The world price of staple foods has rocketed, almost doubling in the
past 18 months. For consumers in the rich world this massive increase in the
price of wheat or rice is an inconvenience; for consumers in the poorest
countries it is a catastrophe.

Food accounts for around half of the entire budget of most Africans.
Of course some poor households sell food, but many are net buyers. Indeed,
decades of agricultural stagnation and growing populations have turned many
African countries into food importers. The households that are poor and net
purchasers of food are concentrated in the urban slums. These slums are
already political powder kegs: rising food prices have triggered riots from
Ivory Coast to Indonesia, from Burkina Faso to Bangladesh. Indeed they sow
the seeds of an ugly and destructive populist politics.

Why have food prices rocketed? Paradoxically, this squeeze on the
poorest has come about as a result of the success of globalisation in
reducing world poverty. As China develops, helped by its massive exports to
our markets, millions of Chinese households have started to eat better.
Better means not just more food but more meat, the new luxury. But to
produce 1kg of meat takes 6kg of grain. Livestock reared for meat to be
consumed in Asia are now eating the grain that would previously have been
eaten by the African poor. So what is the remedy?

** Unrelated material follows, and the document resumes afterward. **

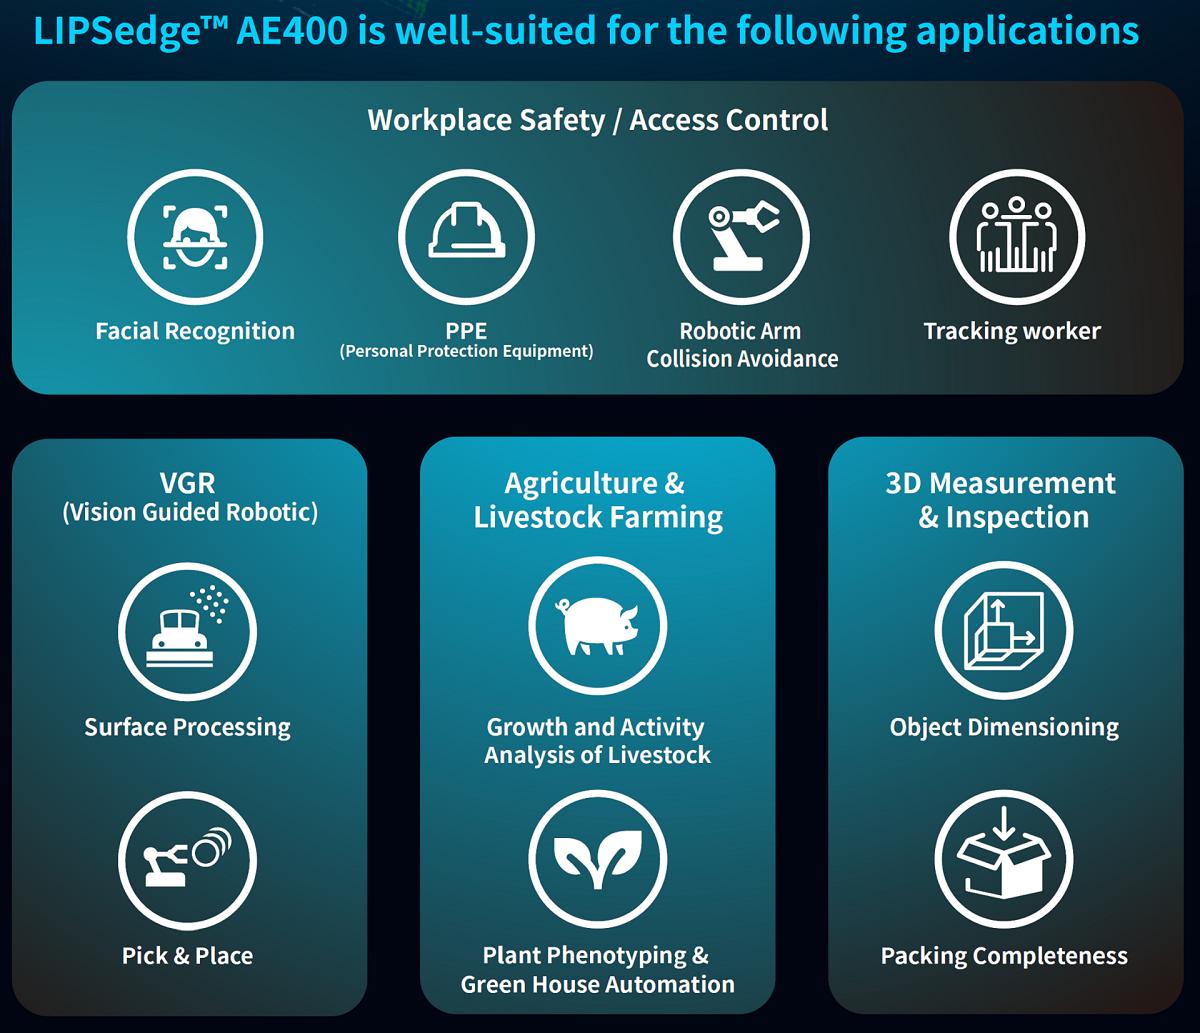 ae400_applications_sodavision

The best solution to a problem is often not to reverse what caused the
problem. If you broke your leg by falling off a cliff, it is not a good idea
to climb back up. The best solution to the rise in food prices is not to
arrest globalisation. China's long march to prosperity is something to
celebrate. The remedy to high food prices is to increase supply. The most
realistic way is to replicate the Brazilian model of large, technologically
sophisticated agro-companies that supply the world market. There are still
many areas of the world - including large swaths of Africa - that have good
land that could be used far more productively if it were properly managed by
large companies. To contain the rise in food prices we need more,
globalisation not less.

Unfortunately, large-scale commercial agriculture is deeply, perhaps
irredeemably, unromantic. We laud the production style of the peasant:
environmentally sustainable and human in scale. In respect of manufacturing
we grew out of this fantasy years ago, but in agriculture it continues to
contaminate our policies. In Europe and Japan huge public resources have
been devoted to propping up small farms. The best that can be said for these
policies is that we can afford them.

In Africa, which cannot afford such policies, the World Bank and the
Department for International Development have orientated their entire
efforts on agricultural development to peasant-style production. Africa has
less large-scale commercial agriculture than it had 60 years ago.
Unfortunately, peasant farming is not well suited to innovation and
investment. The result has been that African agriculture has fallen farther
and farther behind.

Our longstanding agricultural romanticism has been compounded by our
newfound environmental romanticism. In the United States fear of climate
change has been manipulated by shrewd interests to produce grotesquely
inefficient subsidies to biofuel. Around a third of American grain
production has rapidly been diverted into energy production. This
demonstrates both the superb responsiveness of the markets to price signals,
and the shameful power of subsidy-hunting lobby groups. However, just as
livestock are eating the food that would have been consumed by poor
Africans, so Americans are running their SUVs on it. One SUV tank of biofuel
uses enough grain to feed an African family for a year.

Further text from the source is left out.